In the above reaction, product B is

1. Analysis of the Starting Material

The starting reactant is 4-(hydroxymethyl)phenol. It features a benzene ring with two distinct hydroxyl (-OH) environments:

• Phenolic -OH group: Attached directly to the aromatic ring. Due to resonance, the carbon-oxygen bond has partial double-bond character, making it highly stable and resistant to substitution.
• Aliphatic -OH group: Part of the substituent at the top, written as -CH₂OH. This benzylic alcohol is highly reactive toward nucleophilic substitution.

2. Formation of Product A

When treated with HCl and heat (Δ):

• The acid protonates the aliphatic alcohol, converting the -CH₂OH group into a good leaving group (water).
• The chloride ion (Cl⁻) acts as a nucleophile and replaces the water molecule at the benzylic position.
• The phenolic -OH group remains completely unaffected.

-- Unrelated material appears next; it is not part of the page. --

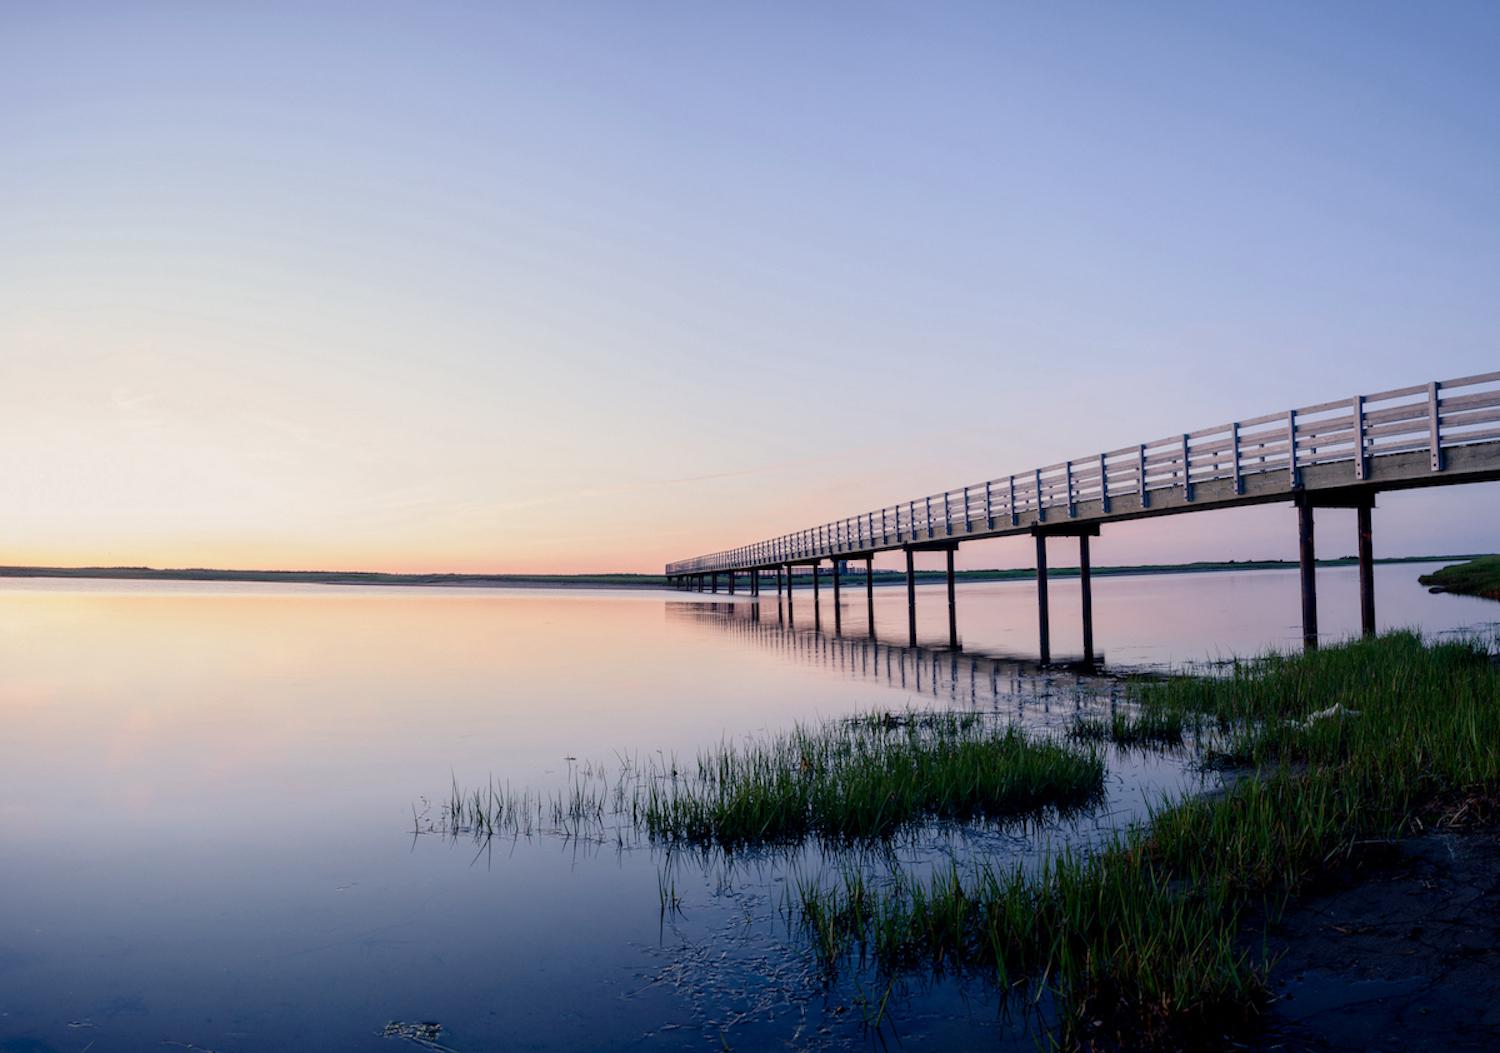 The lengthy boardwalk to Kellys Beach is one of the iconic features of Kouchibouguac.

Therefore, Product A is 4-(chloromethyl)phenol, where the top substituent is now a -CH₂Cl group.

3. Formation of Product B (Finkelstein Reaction)

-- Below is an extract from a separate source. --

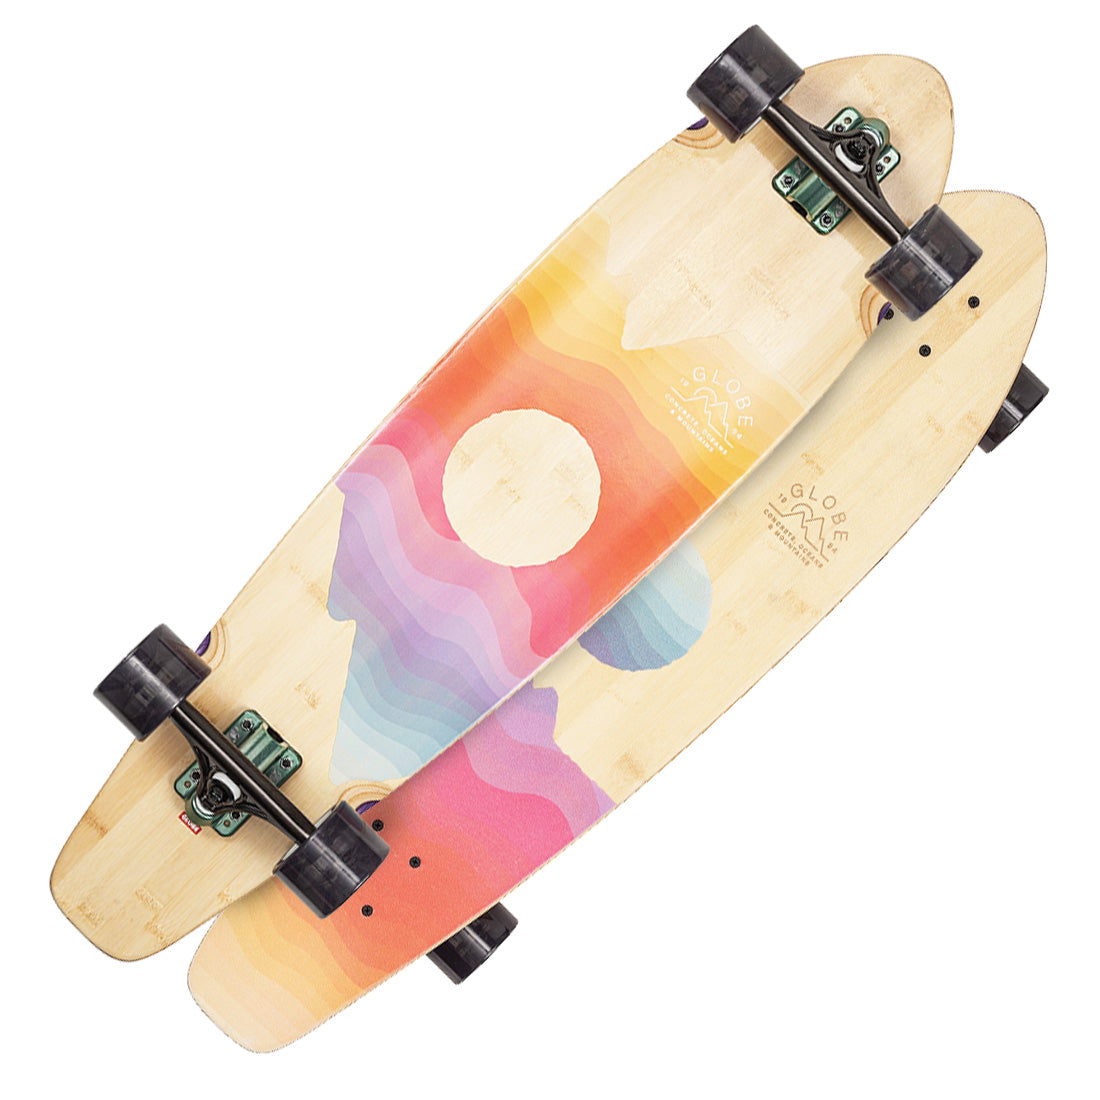 Globe Arcadia 36 Complete - Bamboo/Mountains Skateboard Completes Longboards

When Product A reacts with NaI (Sodium Iodide):

• This reaction proceeds via an S_N2 nucleophilic substitution mechanism, commonly known as the Finkelstein reaction.
• The iodide ion (I⁻) replaces the chloride ion (Cl⁻) at the benzylic position because sodium chloride (NaCl) precipitates out in the reaction solvent (typically acetone), driving the equilibrium forward.

Consequently, the -CH₂Cl group is converted directly into a -CH₂I group.